Well, some of us were disappointed with the results. Some had a bigger GPA than me and some had lower than me. It does not matter at all to me. In fact, the fight to compete with the rest of the students had entirely diminished to me. Why? I see no point in doing so. Why must any students fight with one another to maintain a certain grade so as to be the best amongst all? Perhaps it is the quest to proceed to the next level of education but there will be a quota for that.

On the contrary, in the end, if any of the students, failed to win, wouldn't that be disappointing? what I will advice is to do your best in the examinations and do not have the urge to compete with the rest. It is not emotionally good for the heart if we are going to be envious or jealous of others better than us. Yes, it is good to have someone to admire upon but it is not good to try to be someone who can score well when in the end, we know our maximum limits. Just try your best and if you studied well enough, I am confident that passing is just a breeze to anyone. Getting distinctions are just an added plus to your hardwork.

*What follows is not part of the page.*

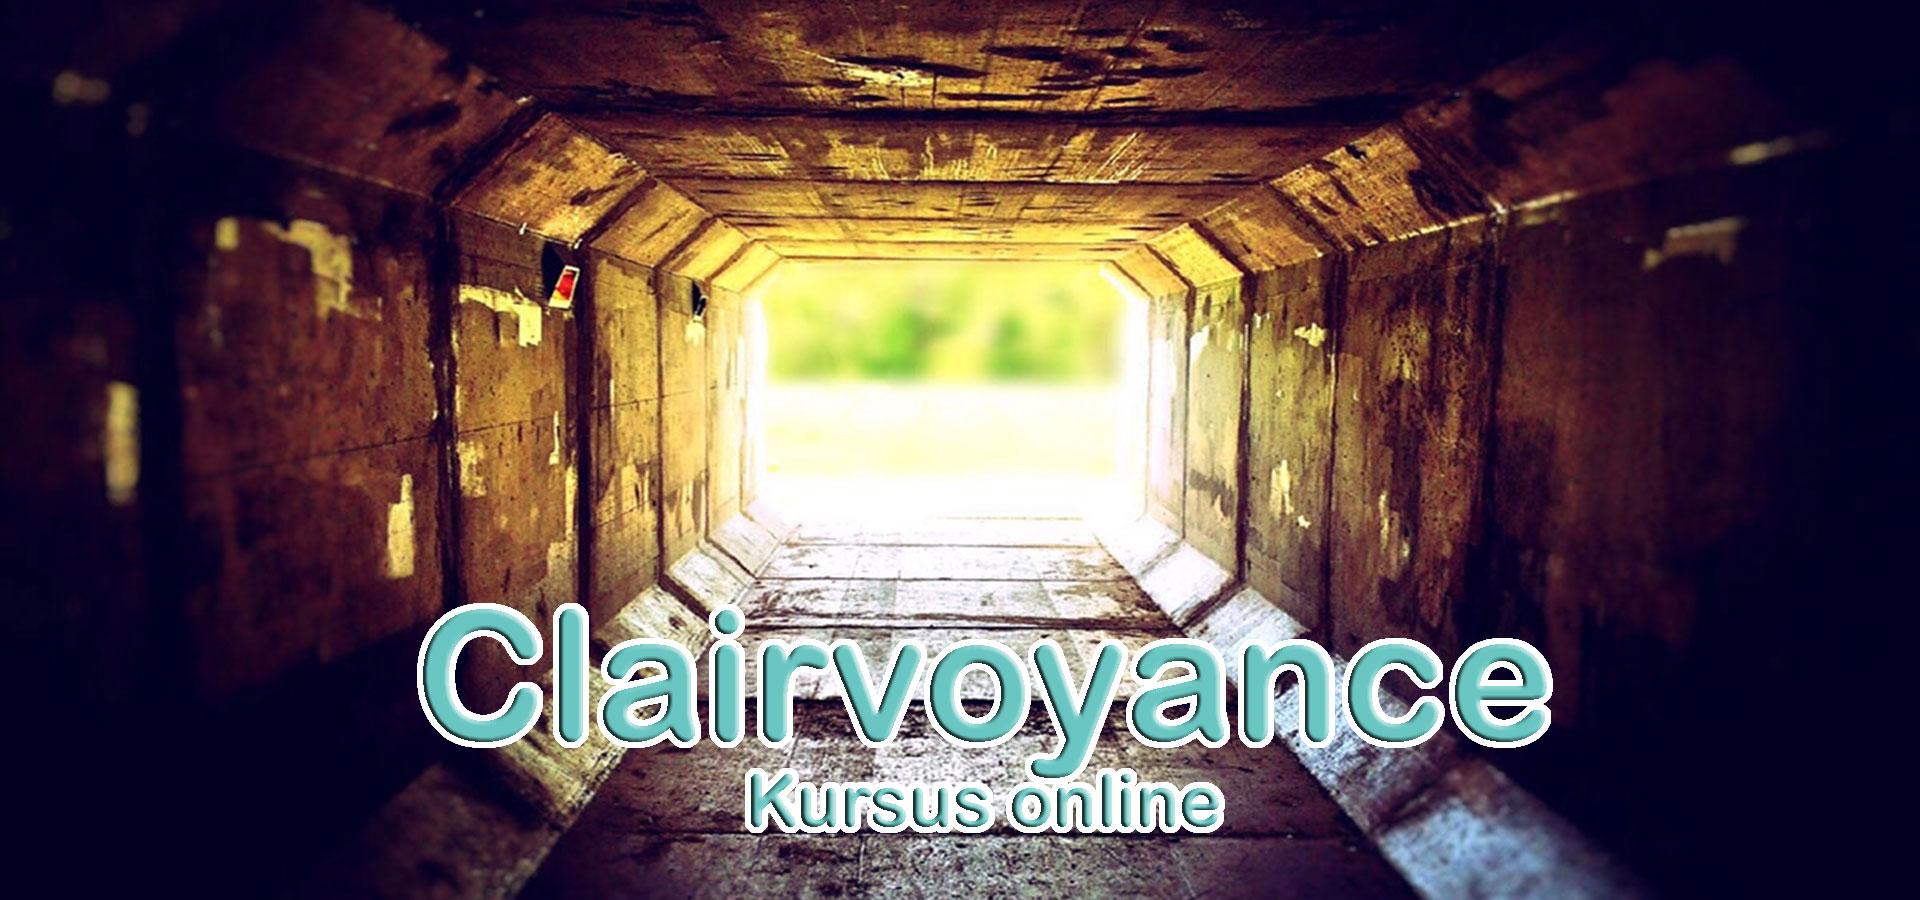 kursus clairvoyance - Kursus online | Clairvoyance

Never compare. Study hard and play hard too. Anyway, as for me, I am already on the verge of exploding to smithereens. Do not get me wrong. What I meant here is that I am already at my peak of excitement as I can now enjoy without fear. Till January 10, 2007, when school reopens, I will party to the max.

And ...did i tell you something? I had found my match for a girlfriend. I am seeing someone right now. Pray for me that this will work. Tell you more on that on my next blog. Adios...

Tuesday, December 12, 2006

A shocking image

Just a short one, remember when I said that I had a very short hair cut? I thought that I am crazy to do that now but after my trip on the train this afternoon, I realized that I am not that pathetic.

This is because I saw a couple of young teenagers who had a hair cut with some funky outlook on their heads. Now how do I describe this. They did some line designs that look like a zebra crossing on the road by the sides of their head and make some spiky hair on top of their head. Some have designs of an unknown picture at their back of their heads which reminds me of the punksters in the 90s where they will have their long sharp and spiky hairdo on their heads and roamed around aimlessly in town for attention.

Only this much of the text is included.